22 Março 2024
A organização Chabad Lubavitch irá homenageá-lo no dia 10 de abril nos Estados Unidos. A obsessão do presidente em posicionar-se como uma figura global e o apoio irrestrito a Netanyahu.
A reportagem é de Raúl Kollmann, publicada por Página 12, 21-03-2024.

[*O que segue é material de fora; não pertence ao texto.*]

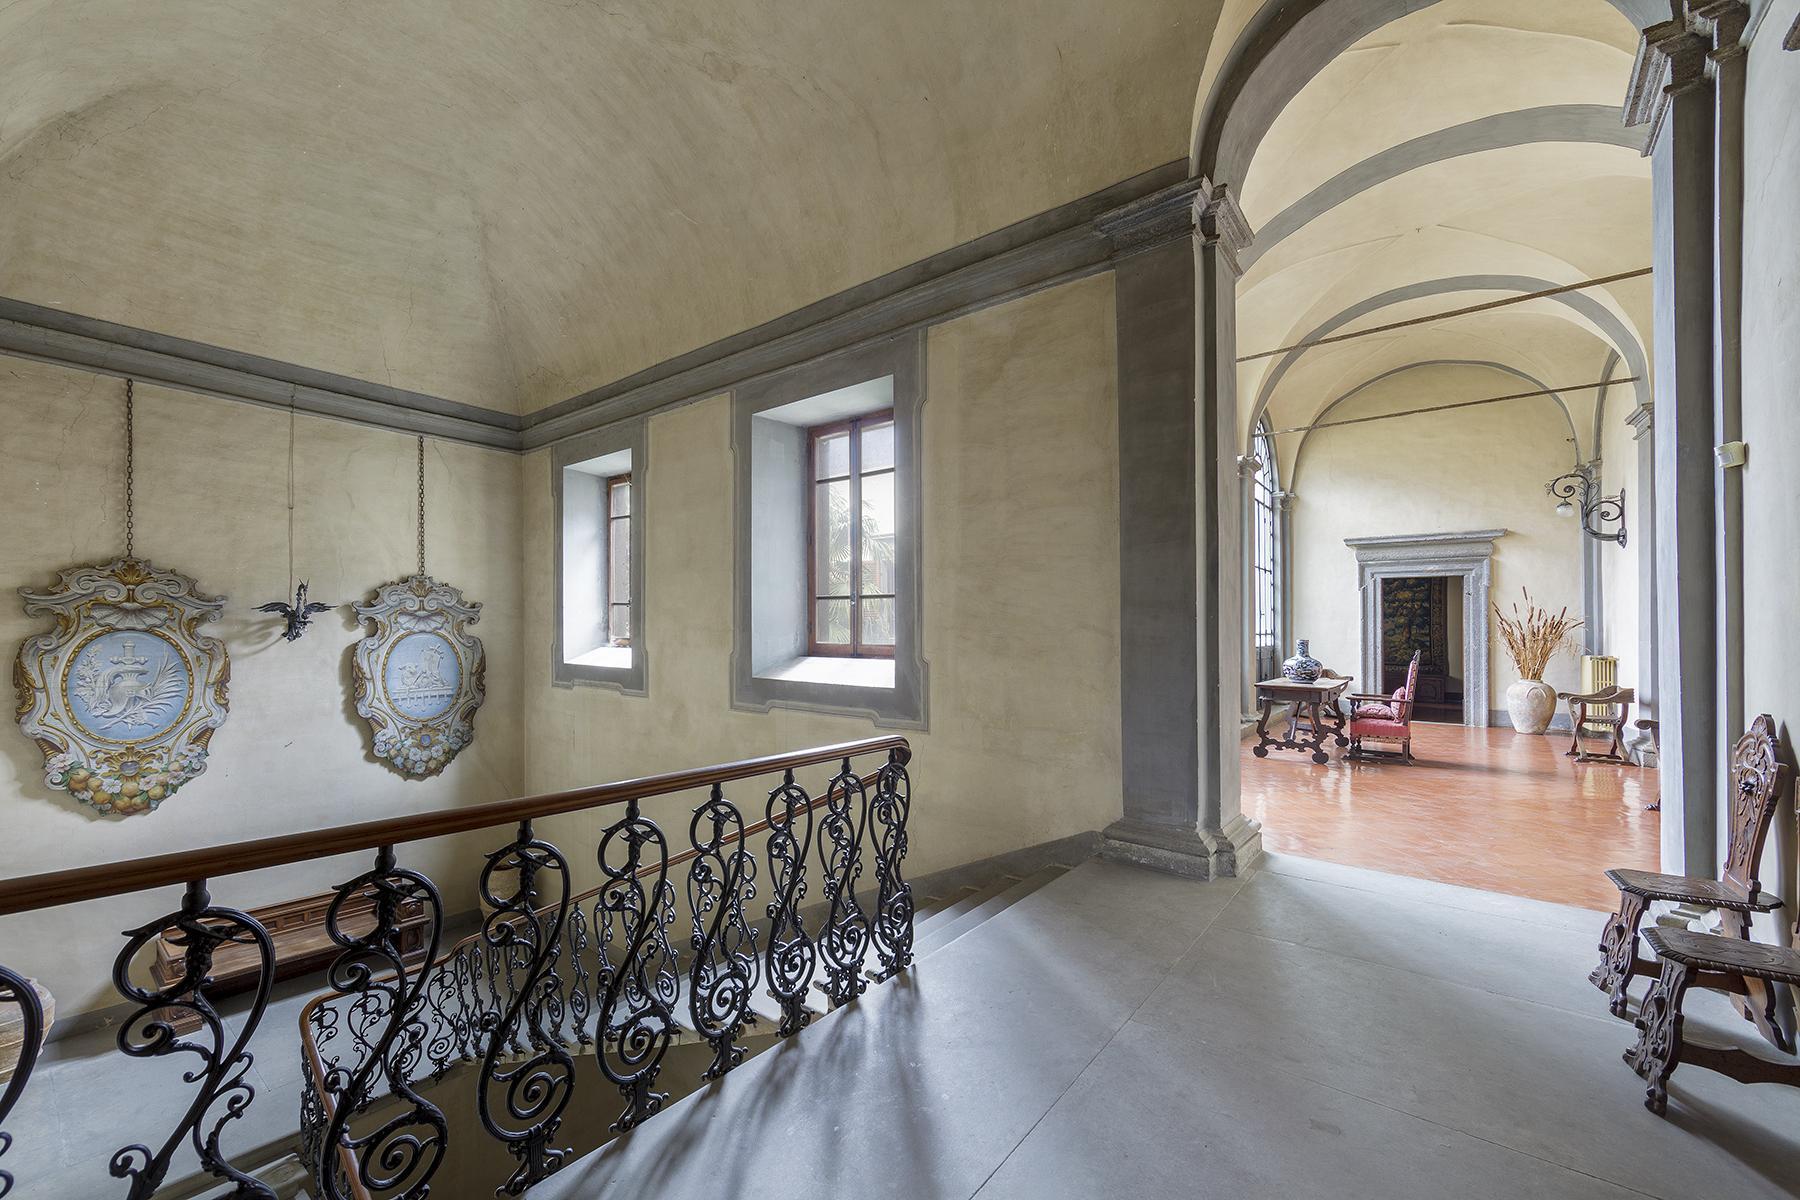 Прекрасный дворец в стиле Ренессанса - 4

A mudança é conveniente para ambas as partes. O evento será em Miami, na quarta-feira, 10 de abril, e Javier Milei receberá o título de Embaixador Internacional da Luz. Para a organização judaica ortodoxa Chabad Lubavitch de Bal Harbour, que concede a distinção, é a oportunidade de ganhar ainda mais influência, organizar um jantar de angariação de fundos e comemorar – como diz literalmente o convite – que, com a ajuda de Deus, conseguiram terminar de pagar a hipoteca de seu opulento centro religioso. Para Javier Milei trata-se de receber um prêmio, quase desconhecido, e, sobretudo, de se mostrar como membro da direita internacional que dá apoio incondicional, sem qualquer crítica, à ofensiva do governo israelense em Gaza. Quem conhece o dia a dia do presidente sabe que há três temas aos quais ele dedica a maior parte do tempo: déficit zero, redes sociais e posicionamento internacional. A sua comitiva encoraja-o nesta última área: insistem que hoje ele é um dos líderes políticos do mundo. É por isso que ele viajou a Davos, Nova York, Israel e para o Fórum de Ação Política Conservadora, em Washington. É por isso que ele vai para a Flórida no próximo mês.

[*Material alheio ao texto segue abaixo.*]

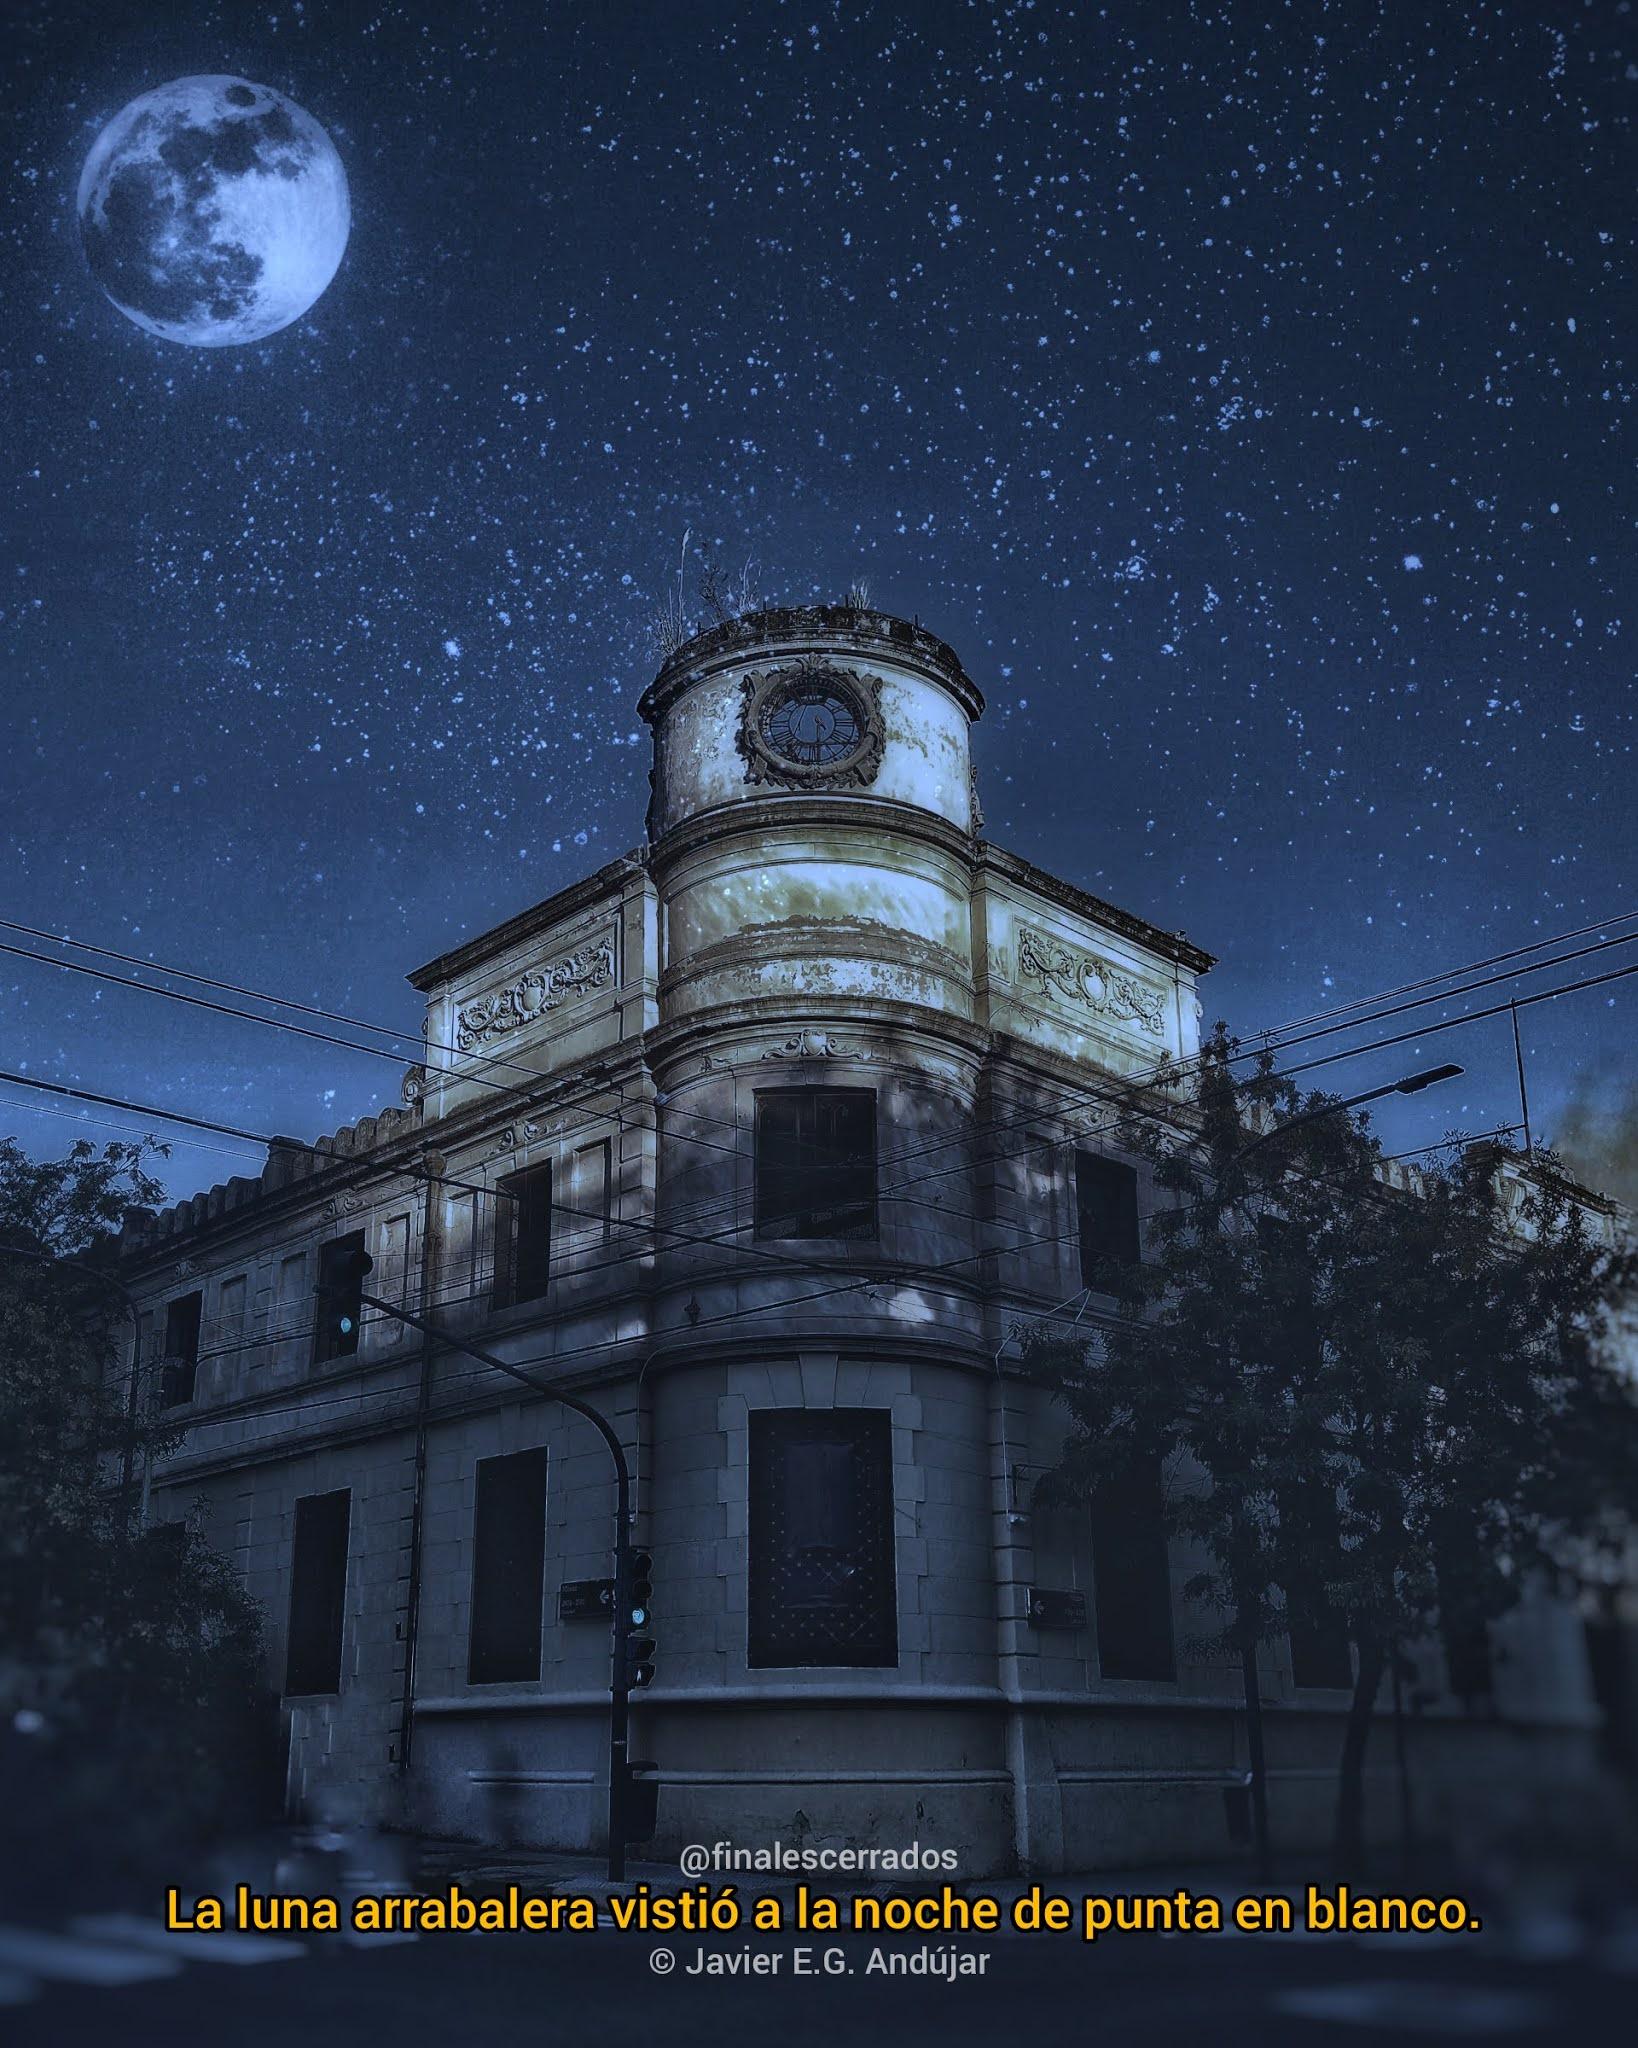 La luna arrabalera vistió a la noche de punta en blanco. 🌕

A viagem para Miami se enquadra perfeitamente em uma das ambições centrais de Milei. Dentro do governo libertário, afirmam que o presidente não administra praticamente nada: não se preocupa com os assuntos do dia a dia. Não se sabe se foi ou não nomeado um funcionário, se há verbas para o PAMI, medicamentos ou universidades. Ele se concentra apenas no déficit zero, tuitando ou curtindo os tuítes de outras pessoas, e se preocupa muito, muito em aparecer em nível internacional. Isso rapidamente o levou a aceitar a viagem a Miami, ainda que a distinção, Embaixador Internacional da Luz, seja desconhecida e nunca tenha sido revelado que já tivesse sido concedida anteriormente a personalidades como o presidente de um país. Além disso, neste caso, a irmã presidencial, Karina, também receberá o reconhecimento, algo que soa como dois por um, e não um manejo cuidadoso de uma premiação.

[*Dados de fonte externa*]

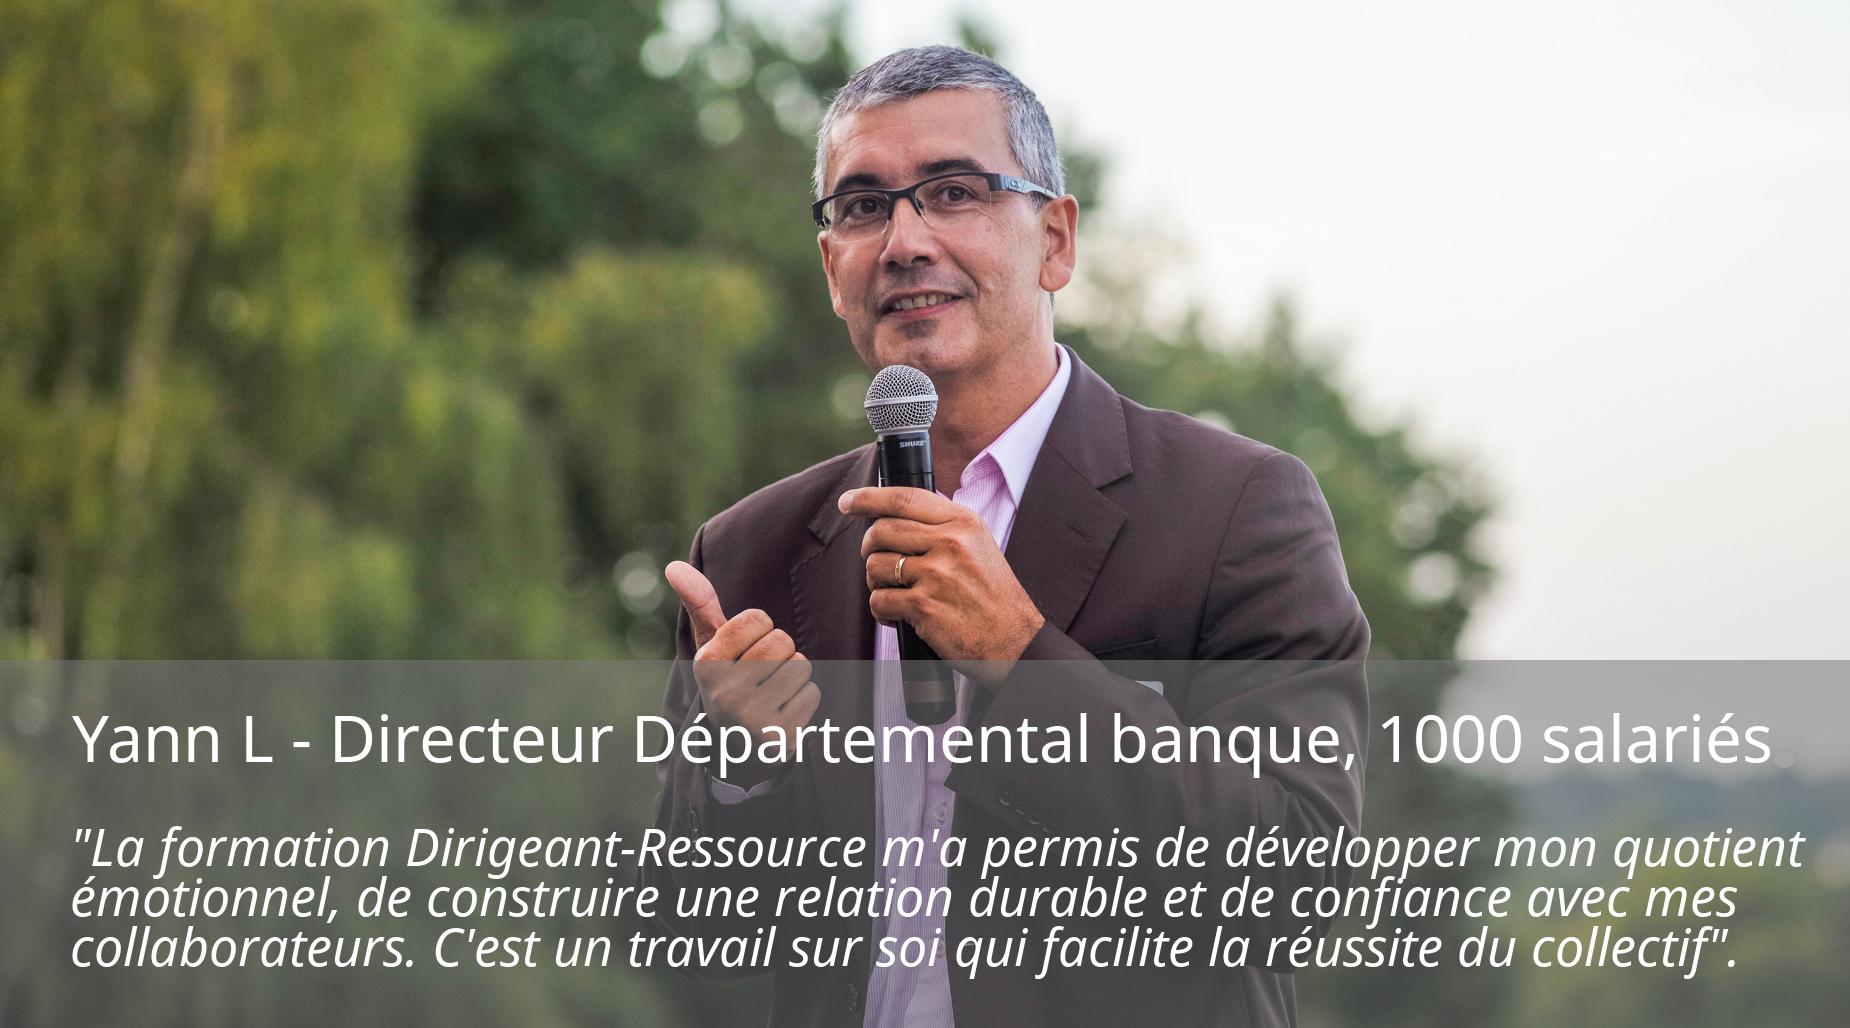 Yann L directeur départemental banque

Como já disse, Milei prioriza posicionar-se ao lado dos Estados Unidos e de Israel, mas mais precisamente da direita internacional, sintetizada nesses dois países nos nomes de Donald Trump e Benjamin Netanyahu. Ele não parece importar-se com o fato de, diante do massacre perpetrado pelo Hamas em 7 de outubro, o governo de Netanyahu ter ordenado bombardeamentos indiscriminados e ofensivas irracionais. Esta política foi criticada por Joe Biden, pelas Nações Unidas e até pela maioria do povo israelense. Mesmo assim, Milei dará apoio global e irrestrito a Netanyahu.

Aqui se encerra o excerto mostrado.